Given data:
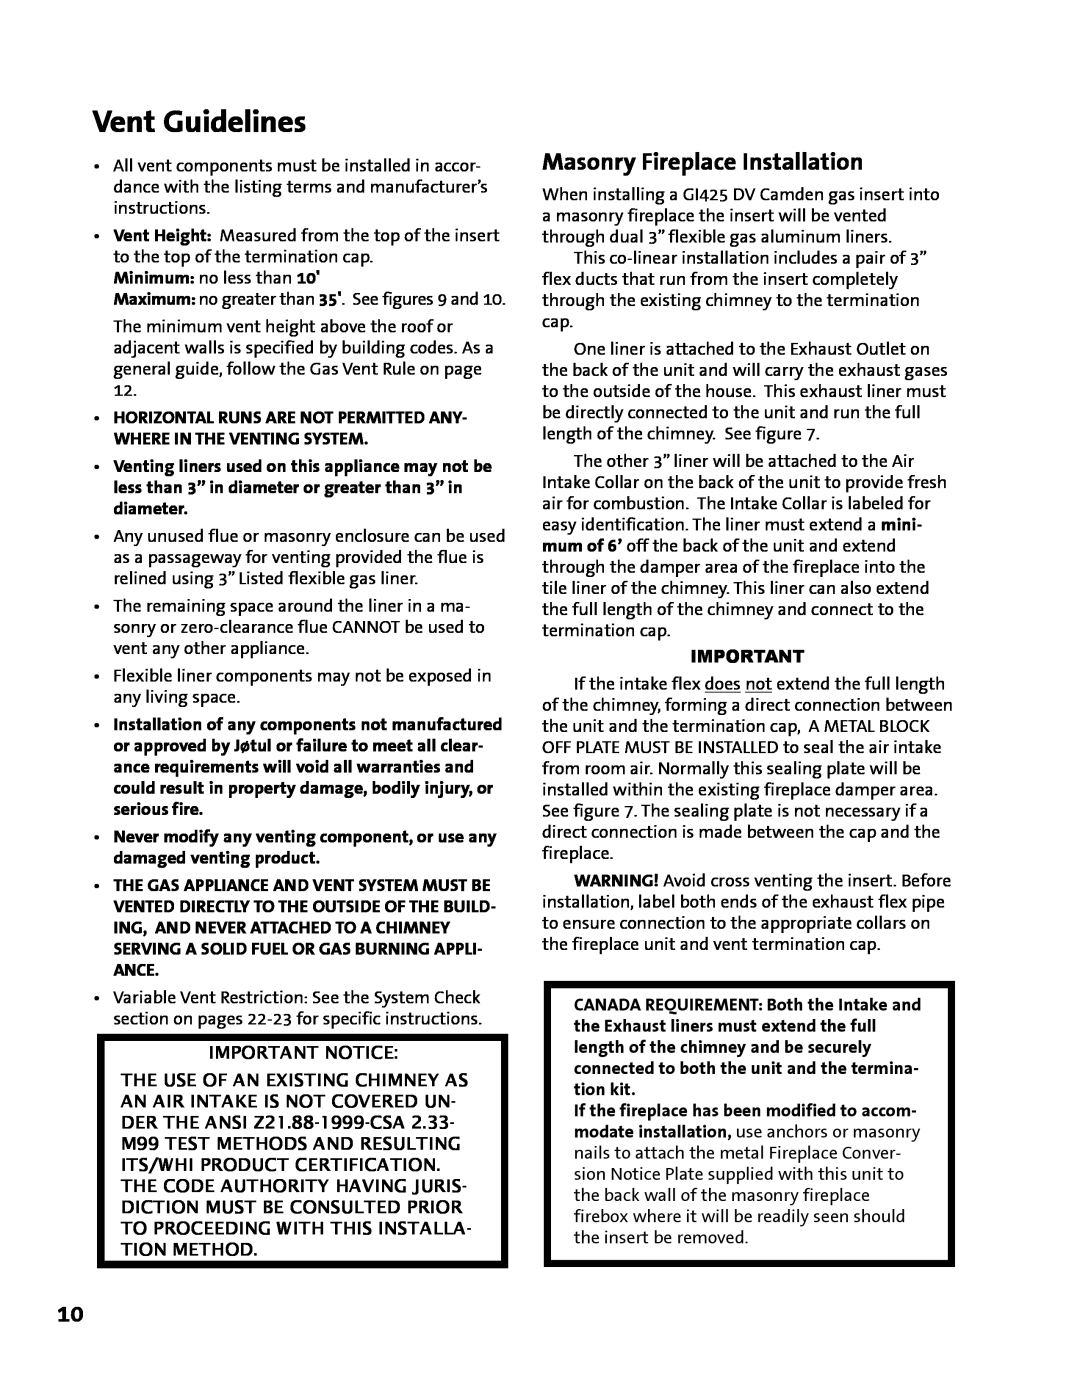 Jotul GI 425 DV manual Vent Guidelines, Masonry Fireplace Installation 
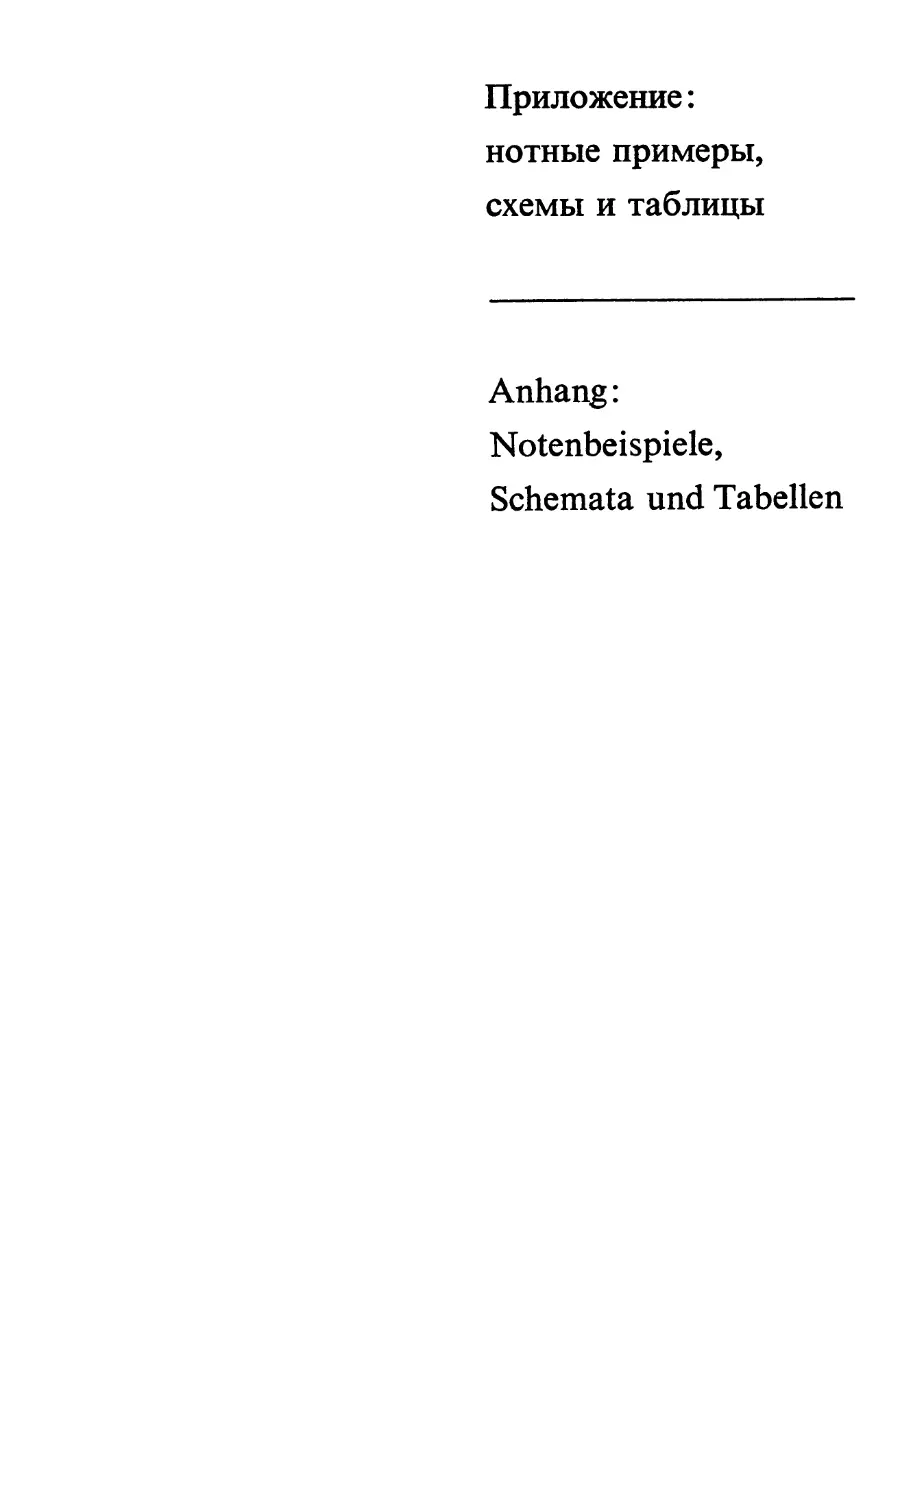 Приложение: нотные примеры, схемы и таблицы
Anhang: Notenbeispiele, Schemata und Tabellen

Task directions: Keep the pictures out of your answer, which should be the lines from the one with "Приложение: нотные примеры, схемы и таблицы" through the final line of the data, copied exactly.

Exercise response:
 Приложение: нотные примеры, схемы и таблицы
Anhang: Notenbeispiele, Schemata und Tabellen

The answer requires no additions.